**INFORMATION SUPPLIED**
──────────────────────────────

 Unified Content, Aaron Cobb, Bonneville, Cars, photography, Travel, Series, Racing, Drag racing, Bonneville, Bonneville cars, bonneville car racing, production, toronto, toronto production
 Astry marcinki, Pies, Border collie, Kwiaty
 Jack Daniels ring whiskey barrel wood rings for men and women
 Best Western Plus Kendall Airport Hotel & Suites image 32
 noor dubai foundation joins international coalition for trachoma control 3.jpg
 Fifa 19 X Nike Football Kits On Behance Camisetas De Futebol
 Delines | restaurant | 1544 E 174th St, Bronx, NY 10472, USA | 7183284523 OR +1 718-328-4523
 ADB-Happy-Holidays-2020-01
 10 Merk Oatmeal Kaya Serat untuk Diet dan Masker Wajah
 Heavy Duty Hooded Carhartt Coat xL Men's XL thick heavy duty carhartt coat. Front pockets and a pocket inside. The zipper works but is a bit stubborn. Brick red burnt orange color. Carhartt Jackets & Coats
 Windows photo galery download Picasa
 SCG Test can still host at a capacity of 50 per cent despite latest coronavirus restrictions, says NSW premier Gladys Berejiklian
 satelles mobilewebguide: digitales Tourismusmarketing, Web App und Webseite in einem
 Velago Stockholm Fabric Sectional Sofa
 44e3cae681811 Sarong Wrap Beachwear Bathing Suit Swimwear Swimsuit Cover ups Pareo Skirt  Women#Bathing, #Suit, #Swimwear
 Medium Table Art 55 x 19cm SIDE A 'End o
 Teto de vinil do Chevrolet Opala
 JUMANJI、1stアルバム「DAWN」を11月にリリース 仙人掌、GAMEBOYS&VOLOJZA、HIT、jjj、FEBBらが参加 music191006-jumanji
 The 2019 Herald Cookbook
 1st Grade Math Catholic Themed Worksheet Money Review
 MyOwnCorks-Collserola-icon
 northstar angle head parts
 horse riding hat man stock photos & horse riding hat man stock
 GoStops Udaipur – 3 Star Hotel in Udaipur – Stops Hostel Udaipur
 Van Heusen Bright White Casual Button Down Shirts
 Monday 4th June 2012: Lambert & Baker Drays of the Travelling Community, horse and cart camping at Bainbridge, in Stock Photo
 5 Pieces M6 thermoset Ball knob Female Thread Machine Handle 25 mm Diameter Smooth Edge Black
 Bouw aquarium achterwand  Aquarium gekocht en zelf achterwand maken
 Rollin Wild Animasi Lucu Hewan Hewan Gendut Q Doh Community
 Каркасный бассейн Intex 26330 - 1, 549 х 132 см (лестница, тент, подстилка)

──────────────────────────────

**PROBLEM REQUIREMENTS**
Copy, without any change, the lines from the one that contains "Medium Table Art 55 x 19cm SIDE A 'End o" to the final line of the entries above.

**TASK SOLUTION**
 Medium Table Art 55 x 19cm SIDE A 'End o
 Teto de vinil do Chevrolet Opala
 JUMANJI、1stアルバム「DAWN」を11月にリリース 仙人掌、GAMEBOYS&VOLOJZA、HIT、jjj、FEBBらが参加 music191006-jumanji
 The 2019 Herald Cookbook
 1st Grade Math Catholic Themed Worksheet Money Review
 MyOwnCorks-Collserola-icon
 northstar angle head parts
 horse riding hat man stock photos & horse riding hat man stock
 GoStops Udaipur – 3 Star Hotel in Udaipur – Stops Hostel Udaipur
 Van Heusen Bright White Casual Button Down Shirts
 Monday 4th June 2012: Lambert & Baker Drays of the Travelling Community, horse and cart camping at Bainbridge, in Stock Photo
 5 Pieces M6 thermoset Ball knob Female Thread Machine Handle 25 mm Diameter Smooth Edge Black
 Bouw aquarium achterwand  Aquarium gekocht en zelf achterwand maken
 Rollin Wild Animasi Lucu Hewan Hewan Gendut Q Doh Community
 Каркасный бассейн Intex 26330 - 1, 549 х 132 см (лестница, тент, подстилка)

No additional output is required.